When I first joined Formative, two years earlier, we had one main business and strategy objective: focus on selling large premium deals to school districts. The idea was that we could maximize revenue by charging not only for every teacher at the school or district but also per student. Additionally, we were able to lock in longer-term contracts (often multi-year deals), generate additional revenue through services such as training and provide access to admin tools that weren't available in an individual teacher plan.

While there is revenue to be made with individual teacher upgrades, almost no teacher would be willing to pay for a classroom tool that required an additional monthly fee per student.

As the founders, Craig & Kevin, can confirm, early on during our strategy sessions I made a strong push to focus more attention on individual premium teacher upgrades, as a short-term win. I felt it would be faster and easier revenue, that could bolster our runway. However, the founders determined that the long-term math favored school and district sales. So, we set course, full sails ahead in that direction.

 

PAST PRODUCT OBJECTIVES:

To align with the business strategy, we chose 3 main design or product objectives:

1) Completely redesign the FREE product & features offered for individual users. At its core, it's a free tool for teachers to create an interactive digital classroom that tracks student progress & data. The reason for this focus is that often times school sales hinged on their teachers trying out our free product and communicating with decision makers whether or not they loved the product.

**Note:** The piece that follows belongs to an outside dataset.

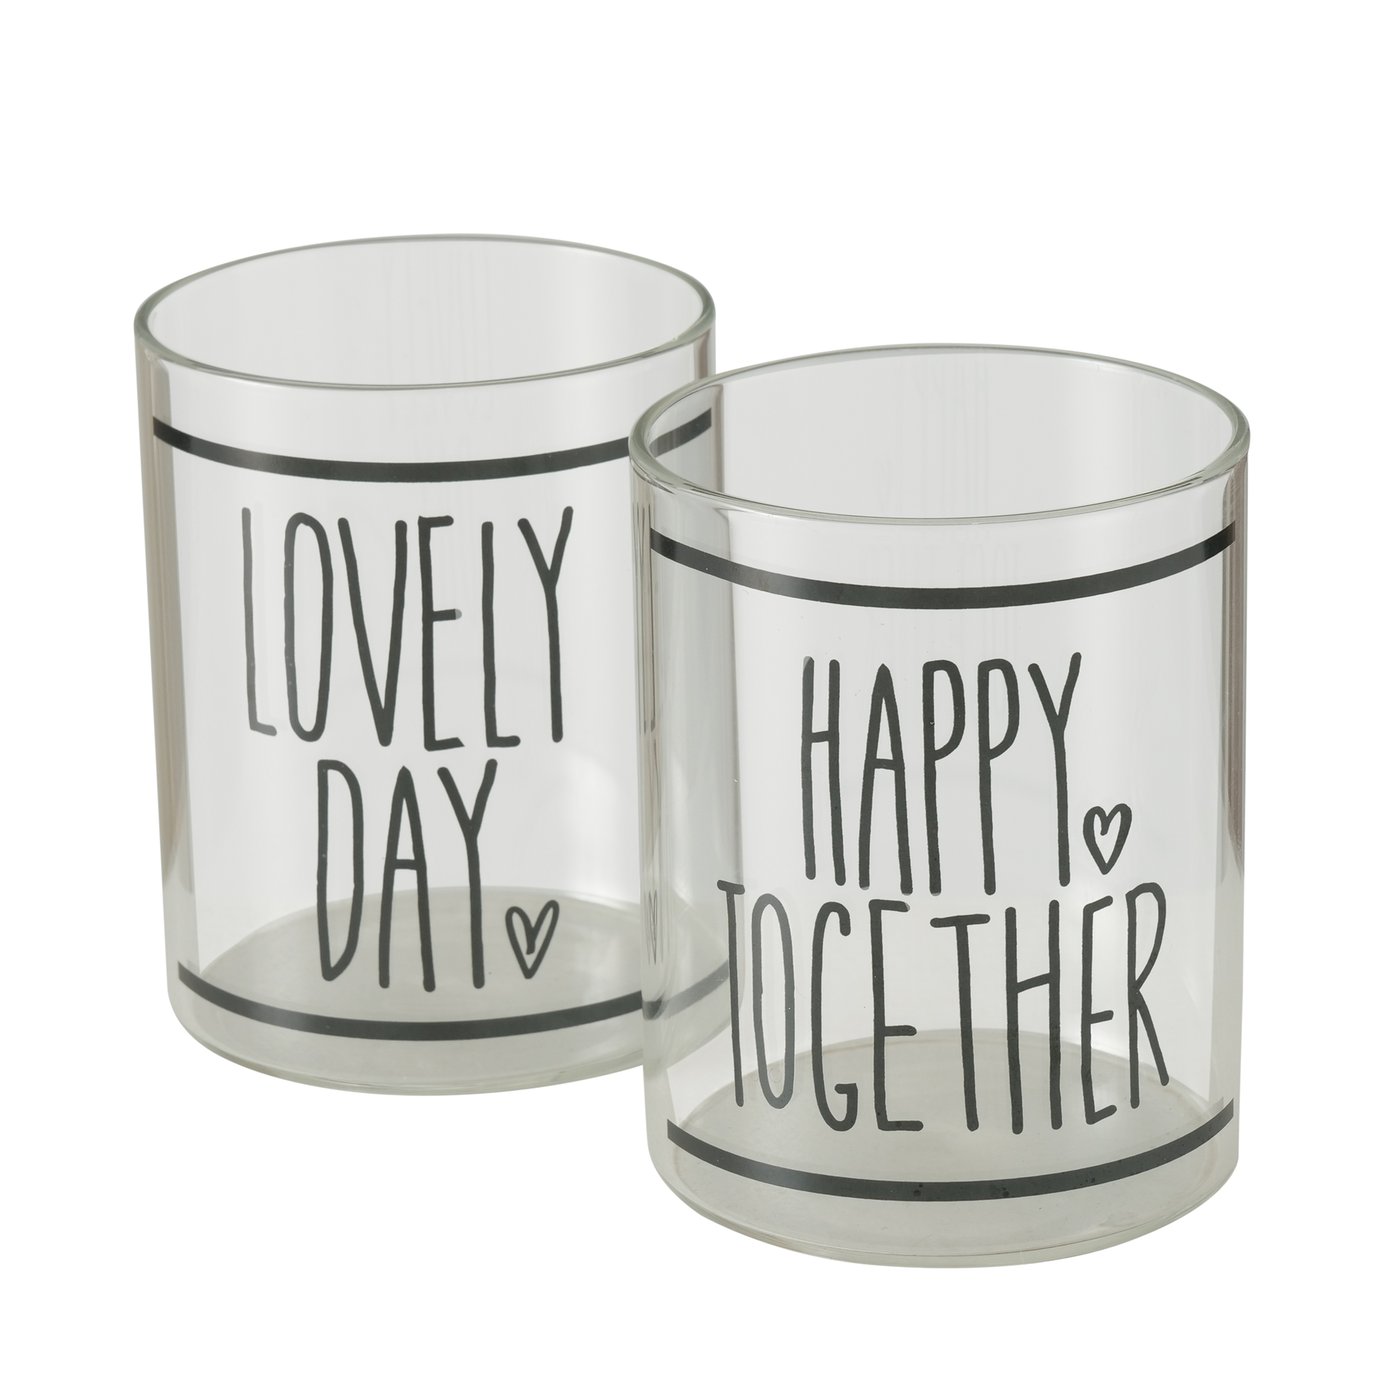 Trinkglas "Happy together"

2) Create robust tools for our premium admin level users from schools & school districts. Covering needs such as collaboration features for co-teachers or professional learning communities. As well as, enabling the ability to track data & overall performance on standards, benchmarks and common assessments across all of their schools, teachers & students.

3) Redesign the landing page to attract more admin level prospects to make purchases for schools & school districts, while also increasing our rate of free teacher sign ups, to build on the vocal advocates within schools.

 

THE RESULT:

These product updates and releases were a hit! We made great strides in our annual revenue, increasing it by 667% over the previous year. There was just one issue. If you're familiar with EdTech, the sales process involving schools or districts can be painfully slow. Due to limited windows to take advantage of approved budgets, that are often planned & allocated a year in advance, on average, school sales can take 6-9 months and district sales take upwards of 12-18 months. And often times it can take just as long to get paid on the invoices.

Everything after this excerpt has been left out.